AES457 Dan Saya Memilih Menjadi Manusia Merdeka
leoamurist
Saturday August 17 2024, 6:49 PM
AES457 Dan Saya Memilih Menjadi Manusia Merdeka

foto oleh: tetangga

---

Kalau gak salah inget, kata-kata Soe Hok Gie yang sempat buku catatan harian seorang demonstran-nya saya jadikan rujukan pelatihan kepemimpinan komunitas mahasiswa di dua ribu sembilan dua ribu tiga belas, seperti berikut. Hanya ada dua pilihan; mengikuti arus atau menjadi apatis. Dan saya memilih menjadi manusia merdeka.

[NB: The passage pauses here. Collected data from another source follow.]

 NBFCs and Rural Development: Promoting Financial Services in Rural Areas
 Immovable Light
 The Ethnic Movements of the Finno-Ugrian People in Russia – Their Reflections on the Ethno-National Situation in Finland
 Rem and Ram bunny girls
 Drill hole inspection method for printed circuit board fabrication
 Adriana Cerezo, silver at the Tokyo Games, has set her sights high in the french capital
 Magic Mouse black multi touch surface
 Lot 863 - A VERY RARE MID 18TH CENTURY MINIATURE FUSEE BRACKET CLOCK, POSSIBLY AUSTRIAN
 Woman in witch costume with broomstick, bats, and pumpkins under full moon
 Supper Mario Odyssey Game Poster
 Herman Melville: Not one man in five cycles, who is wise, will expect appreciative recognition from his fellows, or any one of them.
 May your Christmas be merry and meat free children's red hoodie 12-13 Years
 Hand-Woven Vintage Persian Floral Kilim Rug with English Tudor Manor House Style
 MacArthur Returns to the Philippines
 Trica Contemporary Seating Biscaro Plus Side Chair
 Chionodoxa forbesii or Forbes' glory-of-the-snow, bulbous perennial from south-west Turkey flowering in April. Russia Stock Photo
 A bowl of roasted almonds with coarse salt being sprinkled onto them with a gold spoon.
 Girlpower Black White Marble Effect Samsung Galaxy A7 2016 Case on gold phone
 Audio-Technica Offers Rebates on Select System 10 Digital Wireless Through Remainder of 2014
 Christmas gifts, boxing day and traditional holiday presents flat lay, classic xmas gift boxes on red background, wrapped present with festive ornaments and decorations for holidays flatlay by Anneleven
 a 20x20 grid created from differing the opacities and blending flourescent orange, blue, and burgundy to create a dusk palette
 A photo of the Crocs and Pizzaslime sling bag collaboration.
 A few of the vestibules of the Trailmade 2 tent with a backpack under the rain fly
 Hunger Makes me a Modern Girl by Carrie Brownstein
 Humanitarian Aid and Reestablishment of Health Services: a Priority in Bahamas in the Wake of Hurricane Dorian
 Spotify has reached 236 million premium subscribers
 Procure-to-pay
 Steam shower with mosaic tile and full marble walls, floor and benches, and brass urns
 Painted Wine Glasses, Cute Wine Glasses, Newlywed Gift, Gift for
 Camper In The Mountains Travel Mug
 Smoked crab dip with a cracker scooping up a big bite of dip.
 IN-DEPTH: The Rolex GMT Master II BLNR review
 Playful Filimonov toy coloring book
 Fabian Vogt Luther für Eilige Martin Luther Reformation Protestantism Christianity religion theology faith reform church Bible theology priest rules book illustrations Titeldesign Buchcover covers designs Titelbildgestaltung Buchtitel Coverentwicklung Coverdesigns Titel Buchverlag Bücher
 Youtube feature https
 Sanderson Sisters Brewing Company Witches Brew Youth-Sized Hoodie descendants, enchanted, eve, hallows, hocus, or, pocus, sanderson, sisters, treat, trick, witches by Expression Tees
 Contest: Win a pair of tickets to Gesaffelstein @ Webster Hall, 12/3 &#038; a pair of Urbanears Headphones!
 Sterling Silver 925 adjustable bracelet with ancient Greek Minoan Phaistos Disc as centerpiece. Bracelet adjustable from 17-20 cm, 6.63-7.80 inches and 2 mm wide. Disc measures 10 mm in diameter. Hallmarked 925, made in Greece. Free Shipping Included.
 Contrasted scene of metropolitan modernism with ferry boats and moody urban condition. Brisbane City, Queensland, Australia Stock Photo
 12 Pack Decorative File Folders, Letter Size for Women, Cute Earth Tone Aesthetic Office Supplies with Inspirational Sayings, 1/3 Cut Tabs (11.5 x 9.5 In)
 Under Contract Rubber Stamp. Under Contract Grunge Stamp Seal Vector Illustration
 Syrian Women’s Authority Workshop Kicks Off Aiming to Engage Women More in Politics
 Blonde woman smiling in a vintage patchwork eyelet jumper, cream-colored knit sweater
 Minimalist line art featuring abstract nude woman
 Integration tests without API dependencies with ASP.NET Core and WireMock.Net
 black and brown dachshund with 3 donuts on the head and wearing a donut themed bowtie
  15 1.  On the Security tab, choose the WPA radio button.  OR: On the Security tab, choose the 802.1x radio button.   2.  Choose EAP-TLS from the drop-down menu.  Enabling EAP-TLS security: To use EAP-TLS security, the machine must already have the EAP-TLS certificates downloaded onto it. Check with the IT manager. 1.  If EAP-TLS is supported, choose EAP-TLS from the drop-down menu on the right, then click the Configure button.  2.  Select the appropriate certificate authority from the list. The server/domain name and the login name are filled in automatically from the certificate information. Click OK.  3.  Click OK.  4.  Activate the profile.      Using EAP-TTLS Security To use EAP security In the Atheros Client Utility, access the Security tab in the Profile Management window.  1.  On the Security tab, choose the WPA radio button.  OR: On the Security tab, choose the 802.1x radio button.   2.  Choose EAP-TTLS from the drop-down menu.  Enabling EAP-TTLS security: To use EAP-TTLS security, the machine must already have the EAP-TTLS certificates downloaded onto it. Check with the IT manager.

Semerdeka geng bapak-bapak komplek yang tadi siang ikutan lomba tujuh belasan. Saya sendiri gak ikutan sih. Bangun kesiangan, sakit perut, lalu mengurusi cucian yang masih menggunakan tenaga tangan tanpa mesin cuci. Sekalian jadi alasan juga untuk tidak ikutan sih. Tahun lalu sudah cukup dengan lomba makan gorengan yang bikin panas dalam.

Perlombaan itu tampak seperti perploncoan, pakai daster, diikat tali rafia, melakukan hal yang tidak lazim; Hanya, semuanya tertawa gembira. Pencucian pakaian manual dengan tangan juga tampak seperti siksaan, kucek, bilas, peras, gosok, bilas, peras, jemur; Begitupun, rasanya seperti berolah raga karena saya melakukannya sambil sekalian squat. Kapan lagi bisa olah raga kalau gak maksa 😅

Menjadi manusia merdeka, bisa jadi bukan berarti lepas dari tuntutan dan tanggung jawab; Bahkan keterpaksaan dan keterjebakan. Seperti ketika kita membayar pajak atau terkena pungli parkir, yang menjadi penting bukanlah menggerutu keseharusnyaan karena itu menjadi terlalu mengikuti arus. Bukan juga memaklumi dan menormalisasinya karena itu terlalu apatis.

Beberapa dari banyak tindakan merdeka yang bisa kita lakukan antara lain, meminimalkan parkir di pinggir jalan sembarangan. Bisa juga memberi jatah untuk obligasi sosial seperti nongkrong geng bapak-bapak komplek, juga on-off ikutan lomba dan kerja bakti serta iuran dadakan. Bisa juga dengan shifting persepsi, menyadari aliran air di sela jari dan mempelajari otot-otot yang bekerja memeras kain. Merdeka!